Stage 4: Notify. Execute notification obligations based on the assessment. If GDPR Article 33 applies, the 72-hour clock is running. Assign one person to own the supervisory authority notification. Prepare a factual, non-speculative account of what is known. Do not delay notification pending full information — partial notification within the deadline is compliant; delayed full notification is not. Notify affected data subjects if Article 34 thresholds are met.
Stage 5: Remediate. Address the root cause, not just the symptom. A hallucination incident caused by inadequate output review requires a change to the review workflow, not just correction of the specific output. A shadow AI incident caused by lack of policy awareness requires training, not just a reprimand. Remediation actions must be documented with an owner and a completion date.
Stage 6: Learn. Every AI incident is a signal. Conduct a structured post-incident review within two weeks. What detection gap allowed this to occur? What policy, technical, or training change would prevent recurrence? Document findings in the incident log and update the relevant governance procedures. Feed findings back into the governance framework.
Your 4-Hour Incident Response Checklist
When an AI incident is first reported, the first four hours determine whether the response is controlled or reactive. This checklist is designed to be run by one person — the designated AI incident owner — without requiring external legal input immediately.
Within 30 minutes: Confirm the incident has occurred and categorise it (use the five categories above). Assign containment lead. Initiate containment actions. Begin documentation — timestamp every action from this point.
Within 1 hour: Complete initial scope assessment. Determine whether personal data is involved (GDPR trigger). Determine whether a high-risk AI system is involved (EU AI Act trigger). Brief the CEO or DPO.
Within 2 hours: Determine whether GDPR Article 33 notification is required. If yes, the 72-hour clock is running — assign the supervisory authority notification to a named owner. If uncertain, treat it as required until legal advice is obtained. Notify affected internal stakeholders.

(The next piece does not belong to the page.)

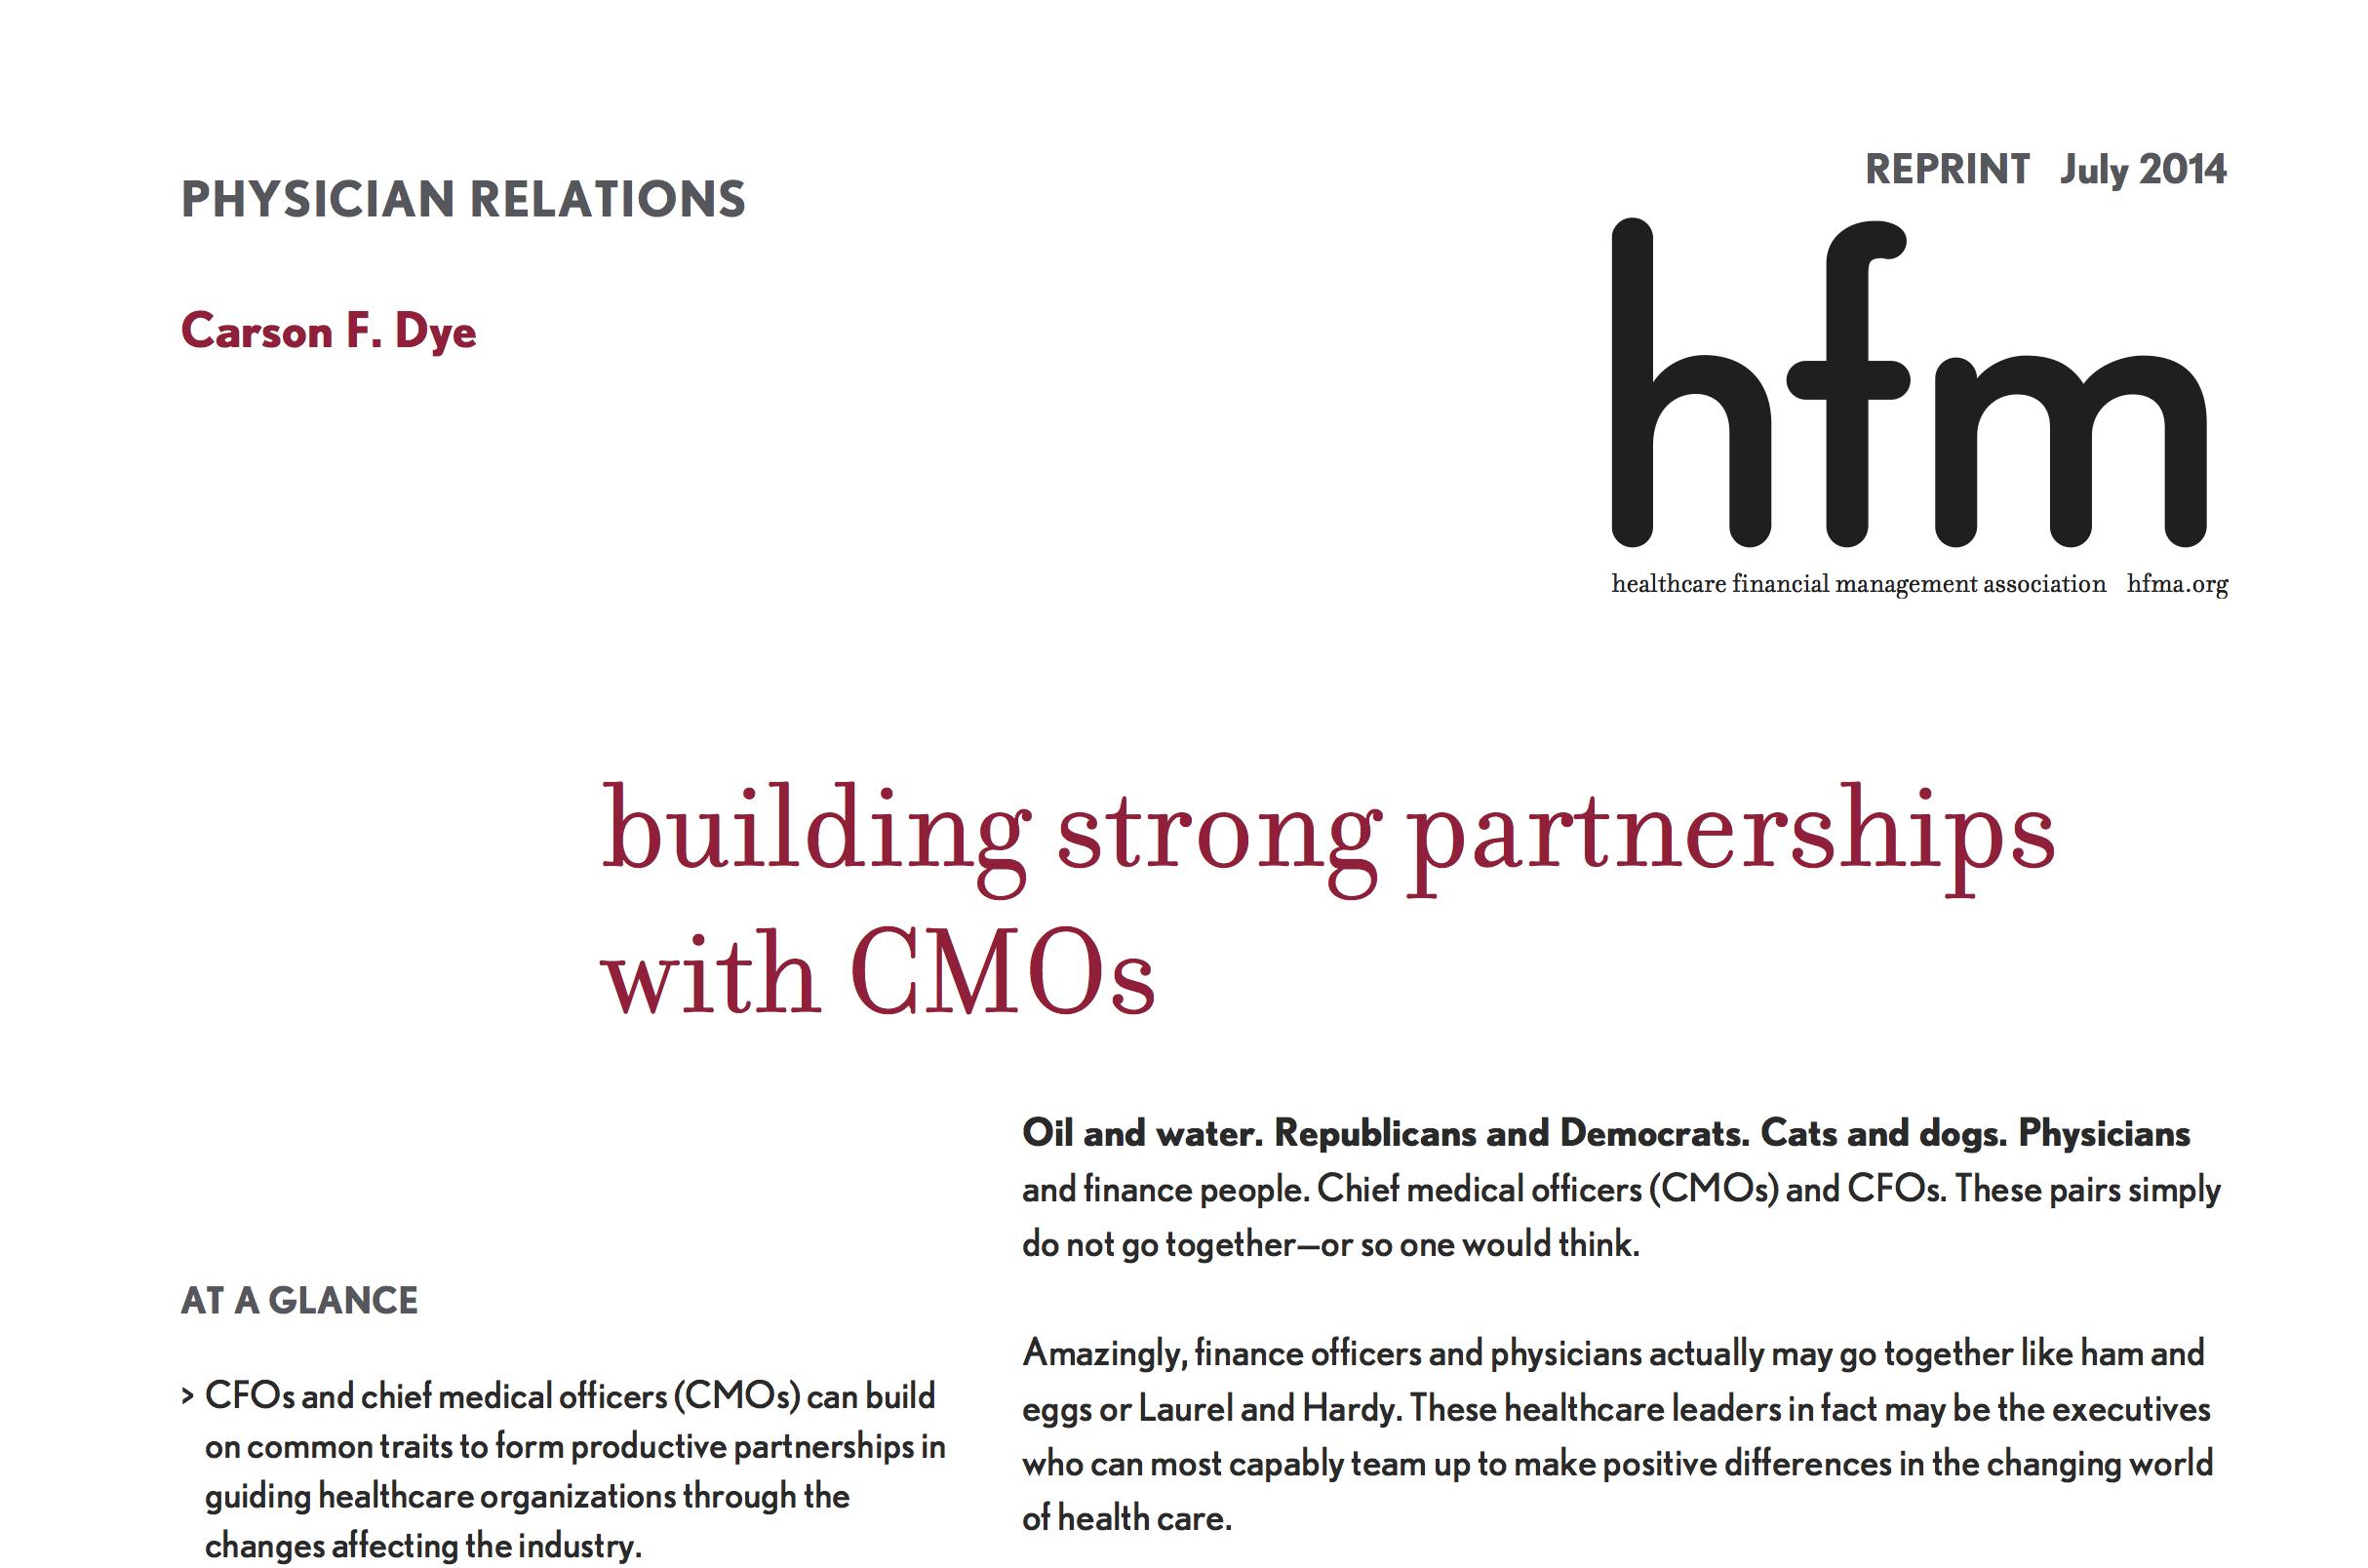 hfm reprint July 2014 - building strong partnerships with CMOs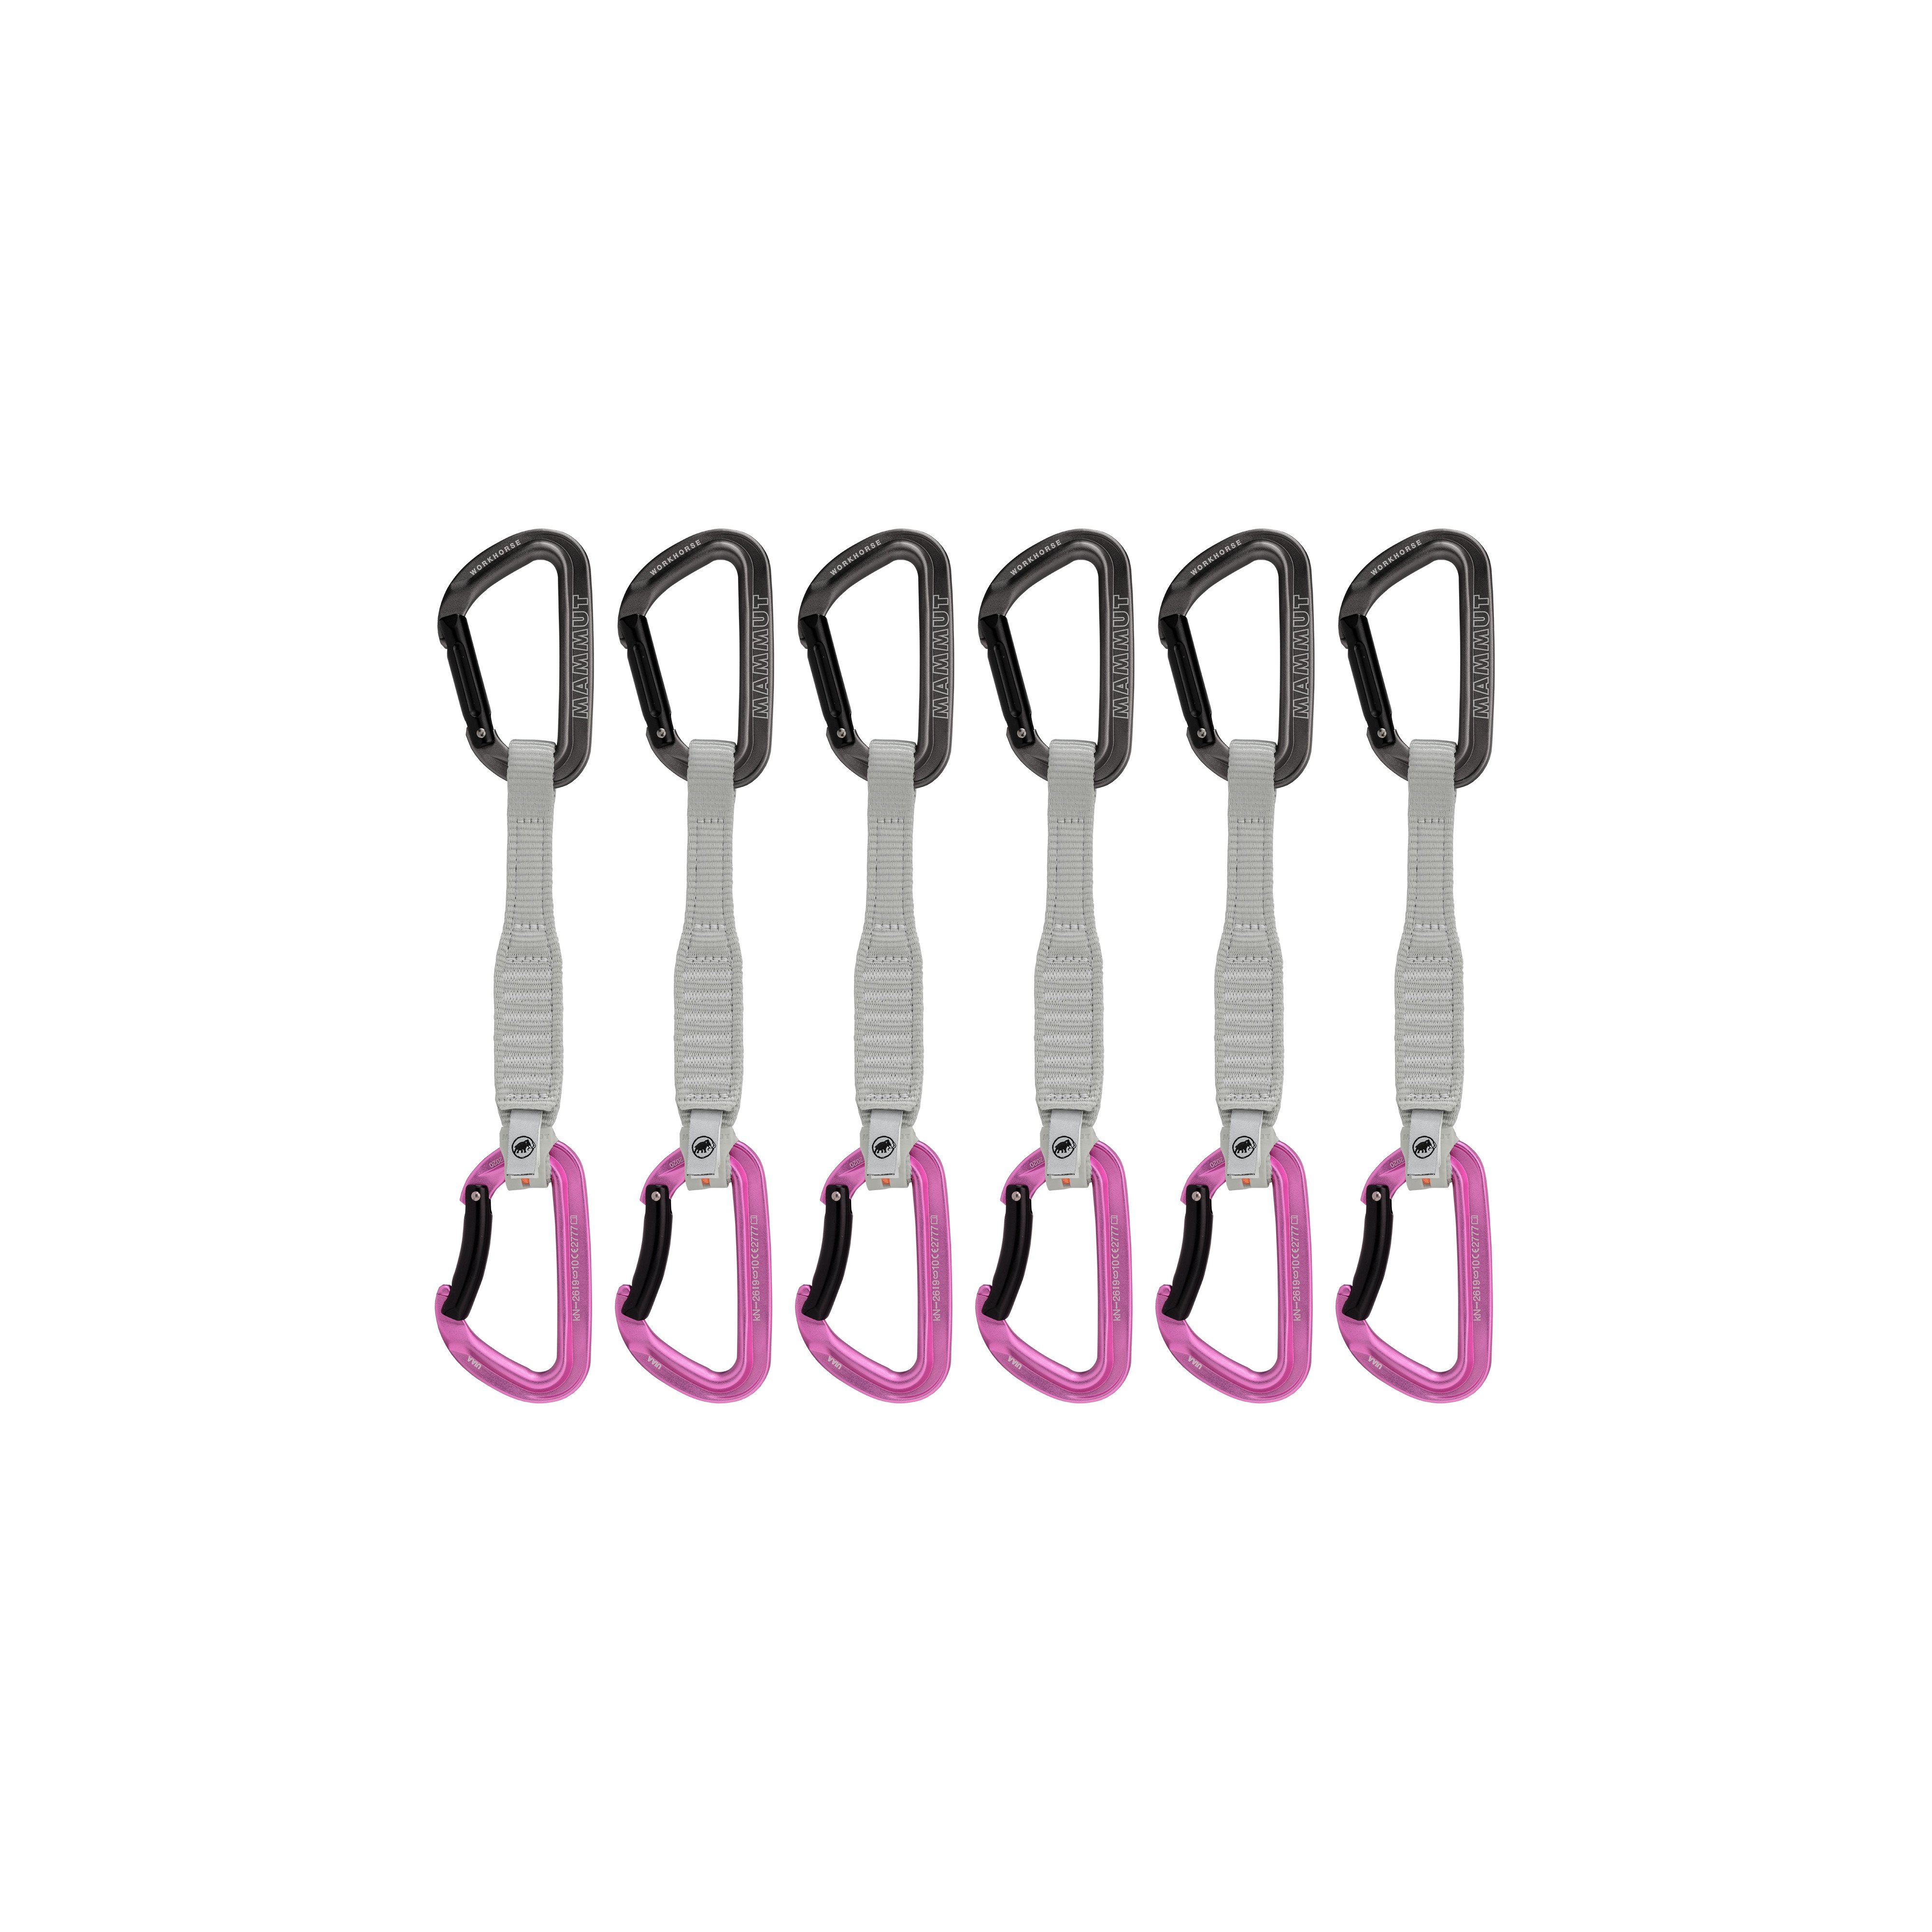 Workhorse Keylock 17 cm 6-Pack Quickdraws - grey-pink, 17 cm product image

Within 4 hours: Containment confirmed and documented. Notification decision made and documented. If client notification is required, draft communication for review. Incident log entry created. If external legal or regulatory support is needed, engaged.
Building the Incident Log
The incident log is your primary evidence artefact for regulatory audit. It is also a learning tool. Structure it to serve both purposes.
Every incident entry should record: the date and time of detection, the date and time the incident owner was notified, the incident category, a factual description of what occurred, the data categories and approximate number of individuals affected, the AI system and vendor involved, containment actions taken with timestamps, notification decisions with justifications, remediation actions with owners and due dates, and the post-incident review outcome.
The log must be retained for a minimum of three years for GDPR purposes, and potentially longer if the incident involved a high-risk AI system subject to EU AI Act record-keeping requirements. Store it with restricted access — it contains sensitive information about system vulnerabilities and data exposures.
Do not use the incident log as a blame record. Its purpose is operational learning and regulatory compliance. Written in that spirit, it becomes one of the most valuable documents in your governance portfolio.
Frequently Asked Questions
What is the GDPR 72-hour notification requirement in practice for a small company?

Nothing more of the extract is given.